Task:
Copy the data that follows exactly as it is, excluding all pictures.

Dataset content:
-------------------------

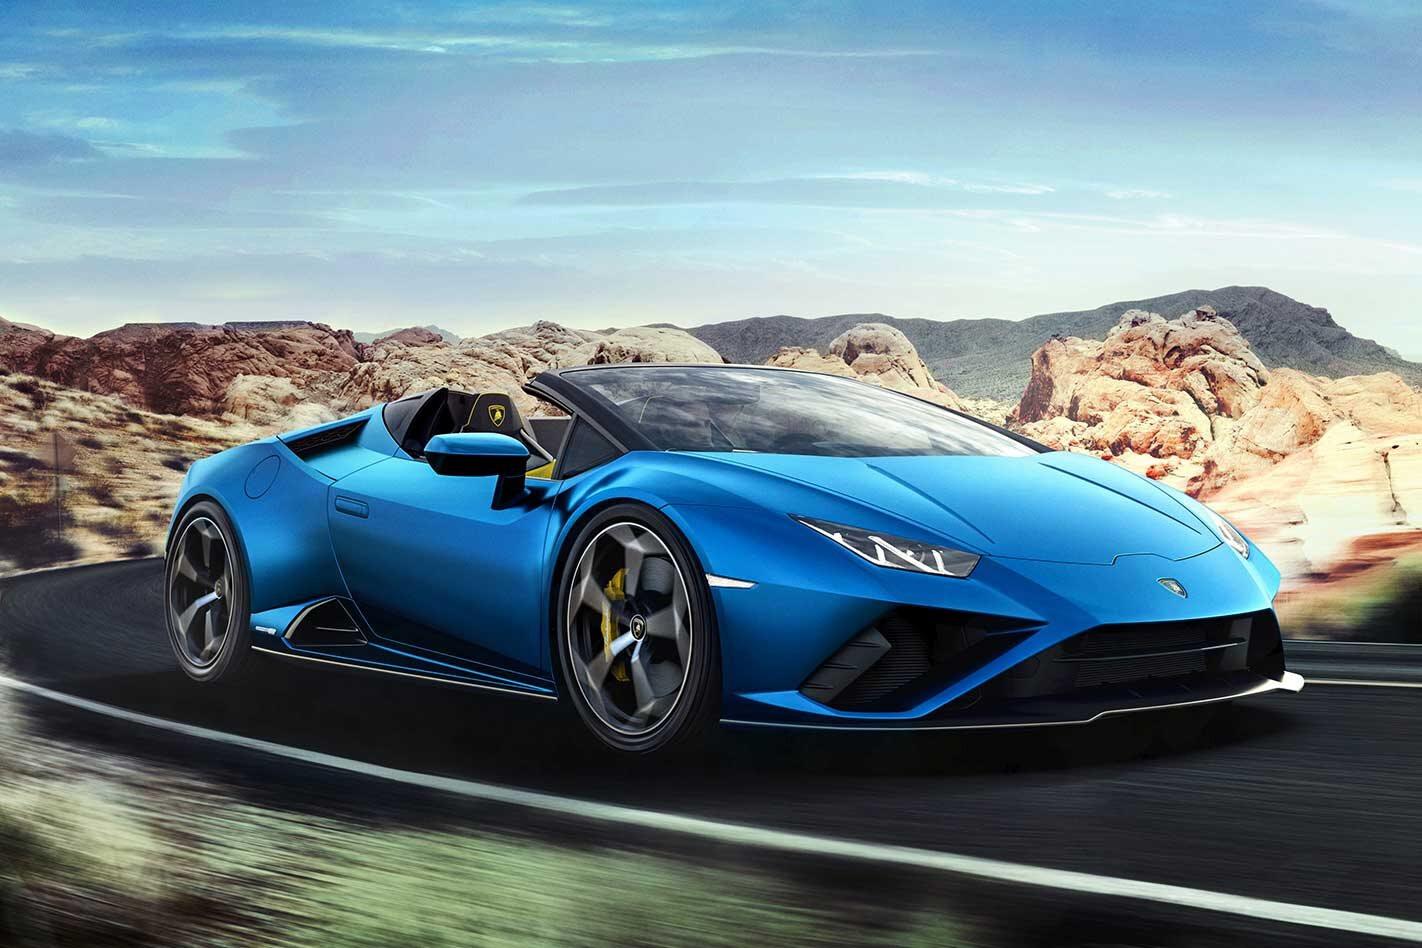 Lamborghini Huracan Evo RWD Spyder specs pricing
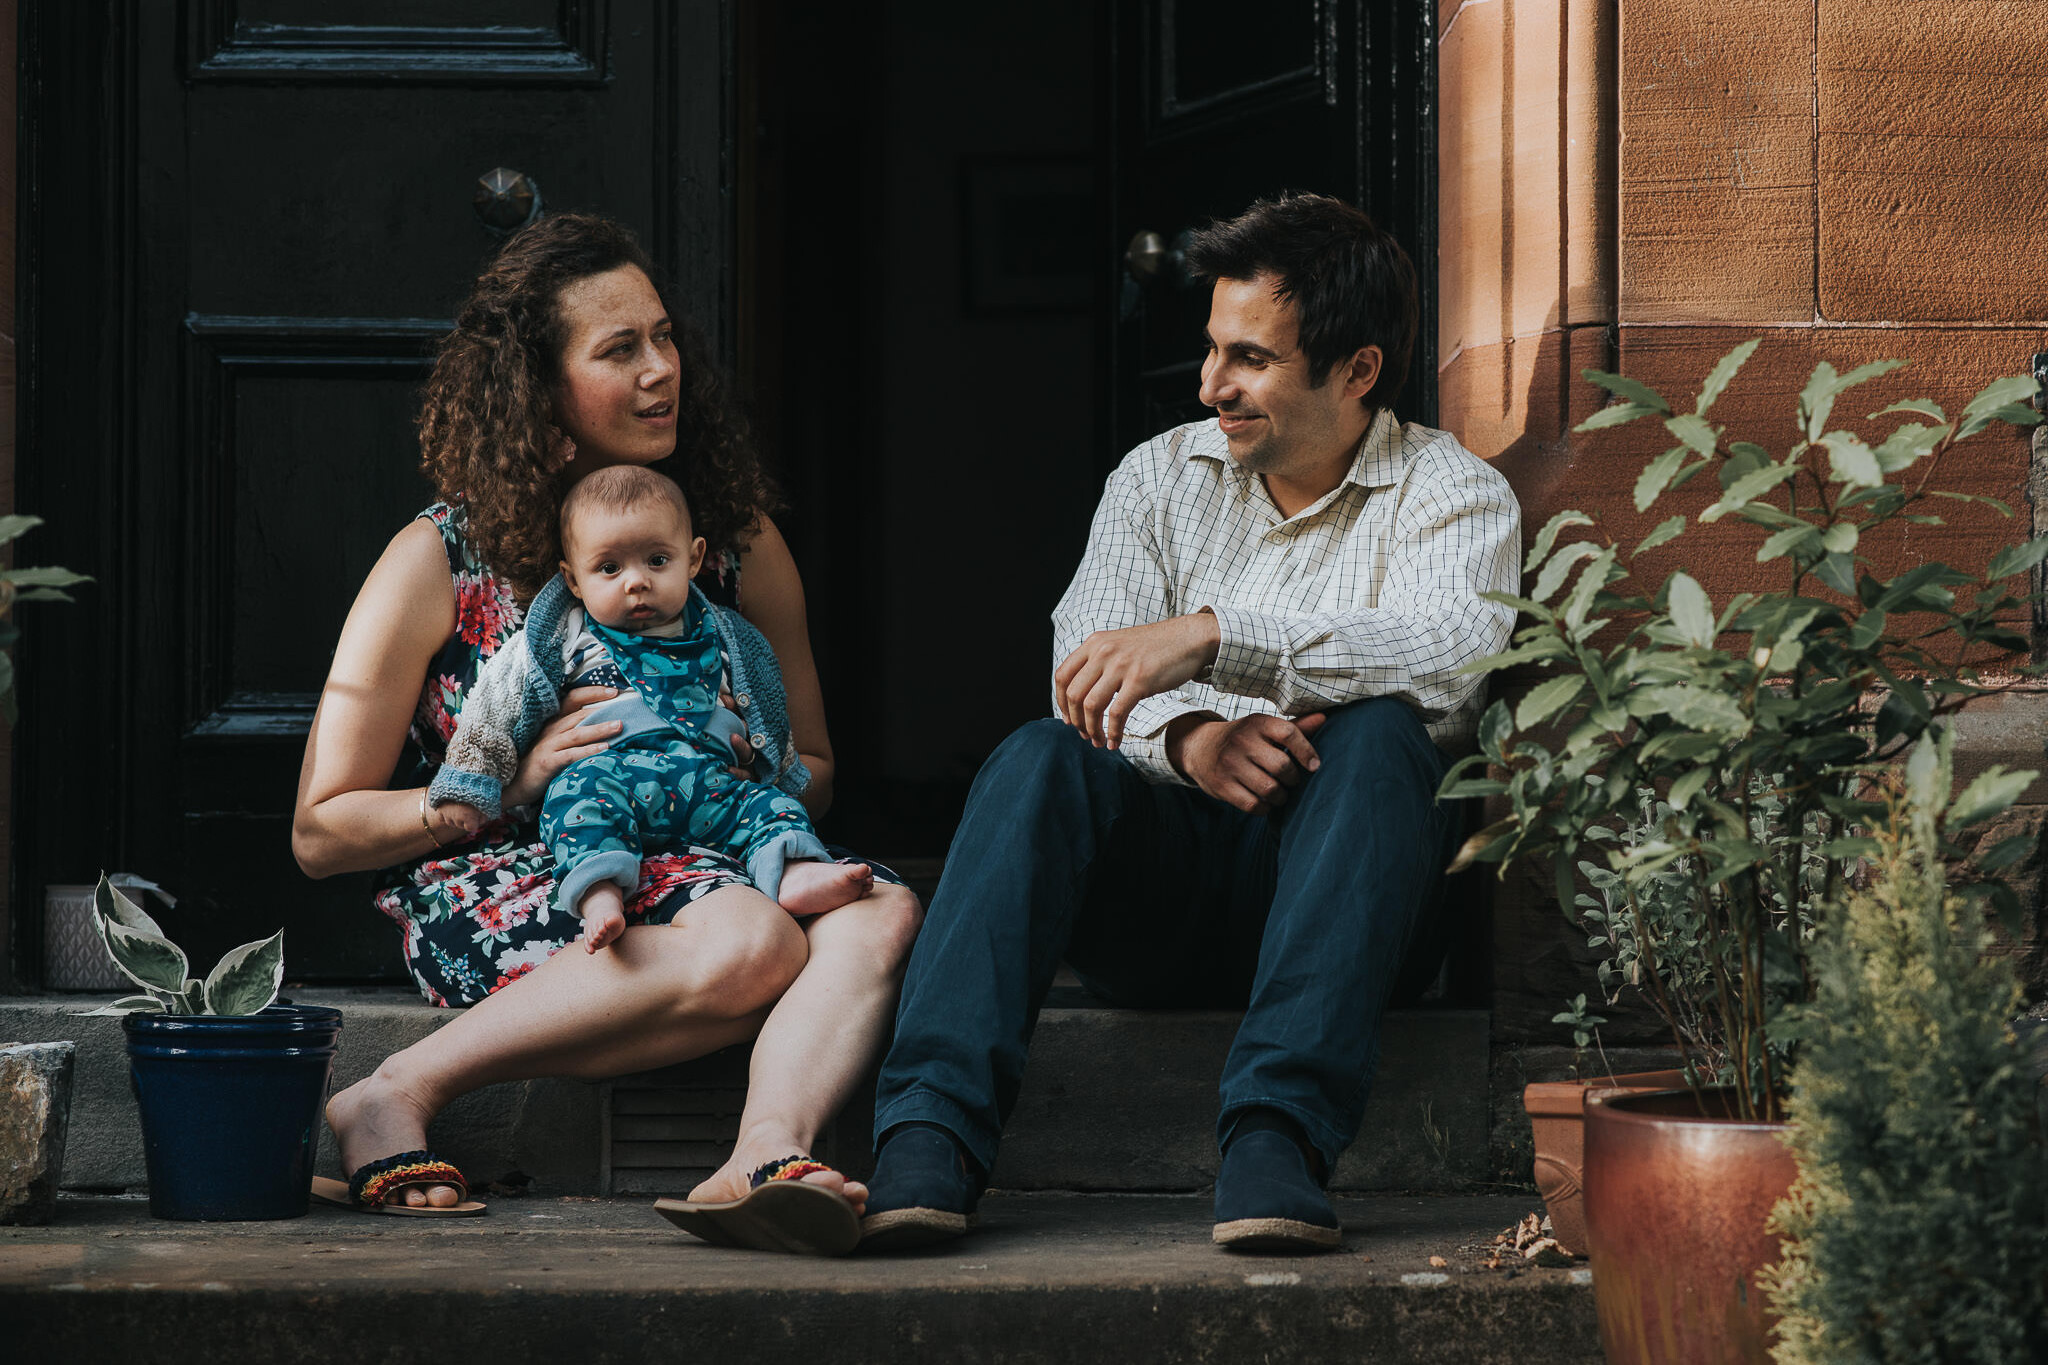 Doorstep Family Portrait Shoot
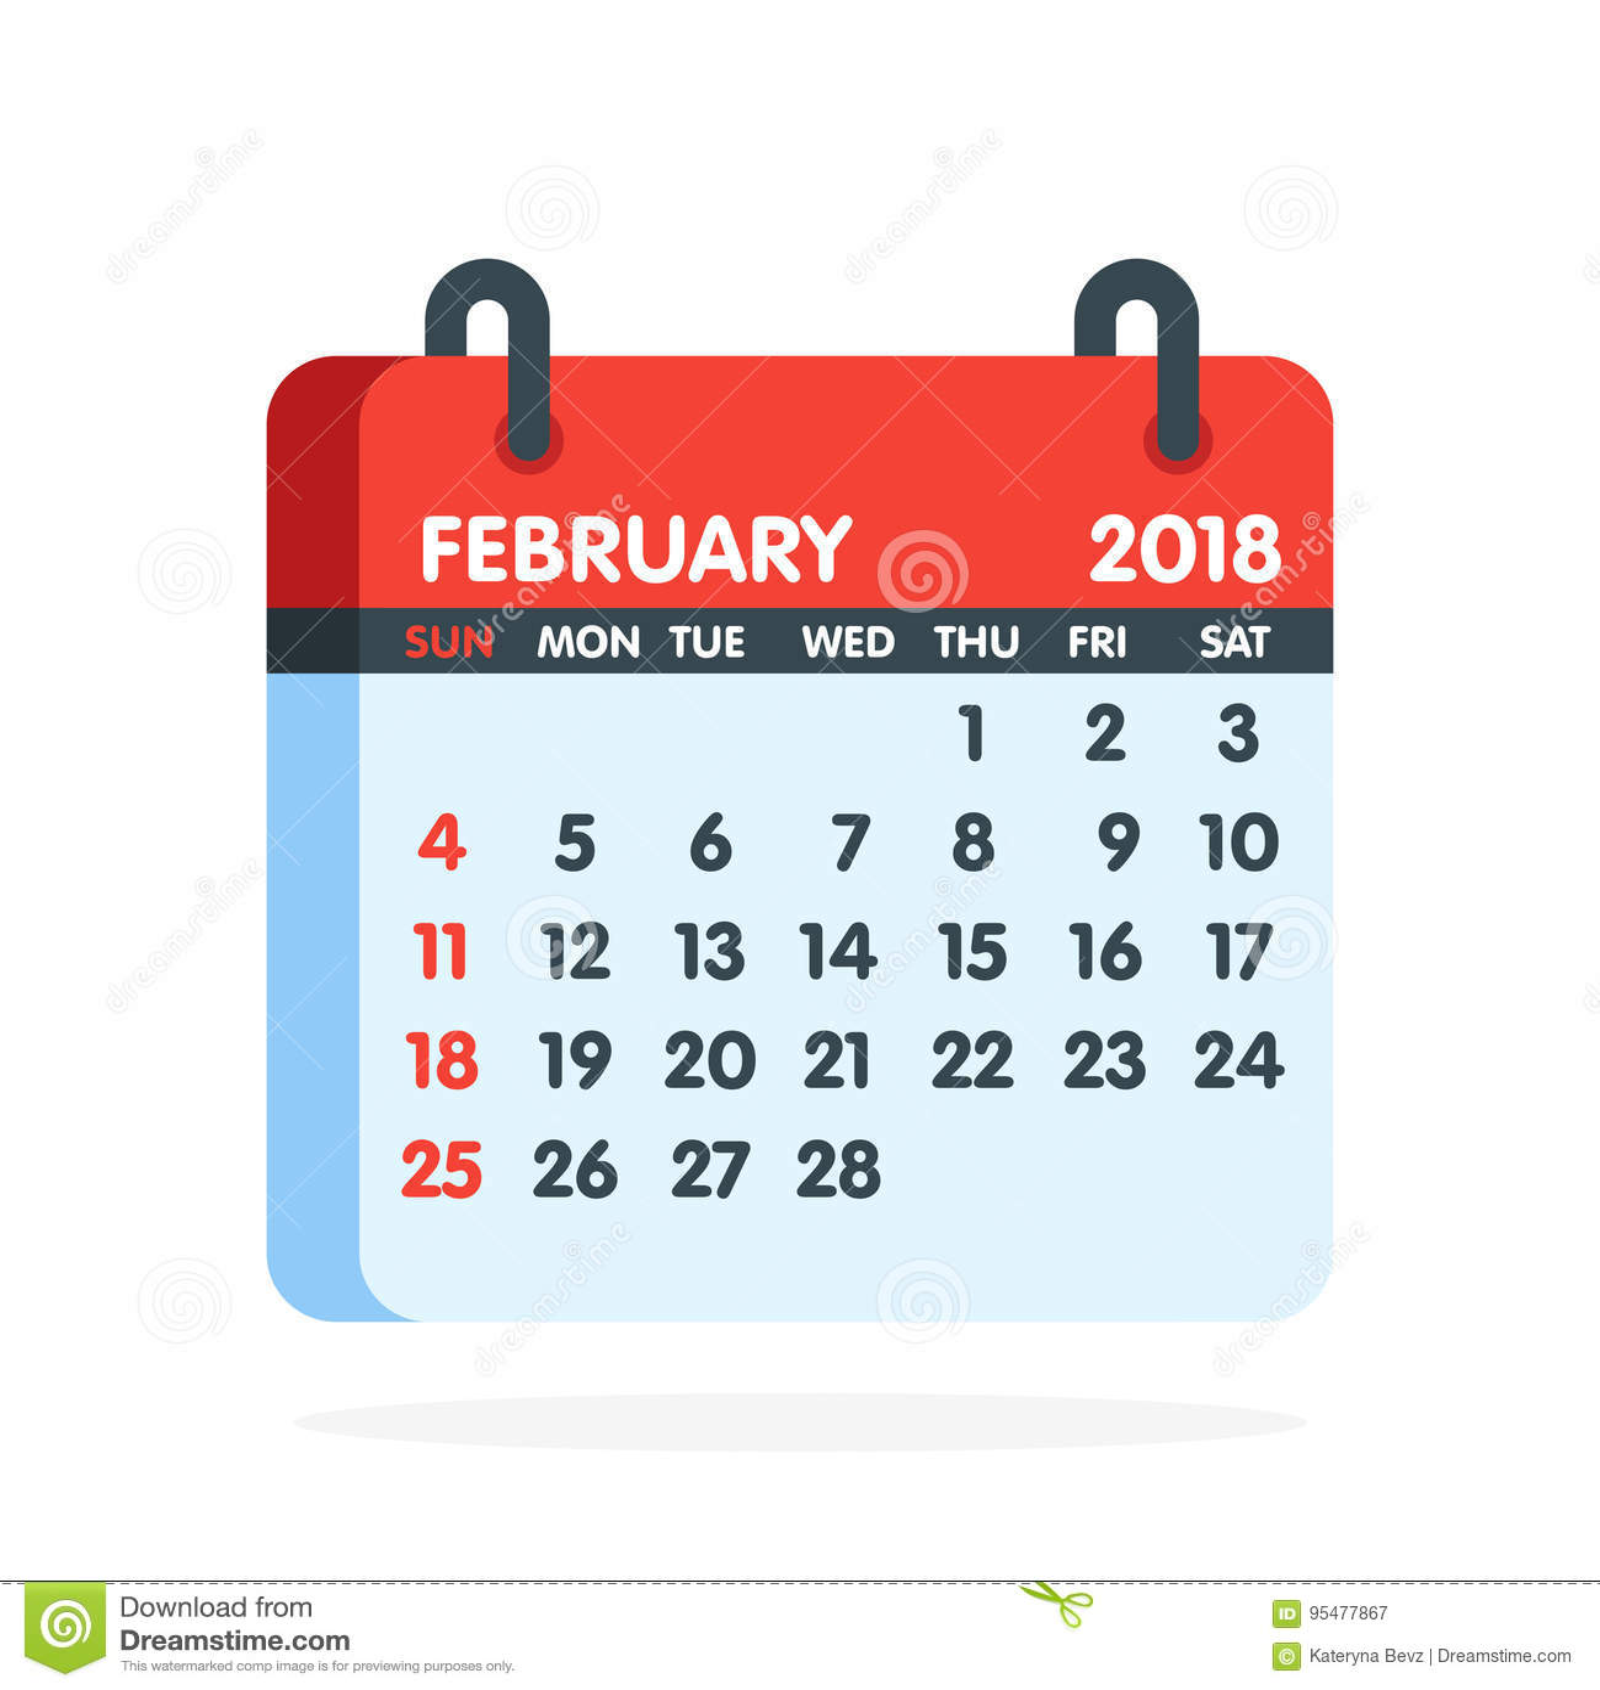 February Calendar Illustration : February calendar stock photo cartoondealer

-------------------------

Answer:
 Lamborghini Huracan Evo RWD Spyder specs pricing
 Doorstep Family Portrait Shoot
 February Calendar Illustration : February calendar stock photo cartoondealer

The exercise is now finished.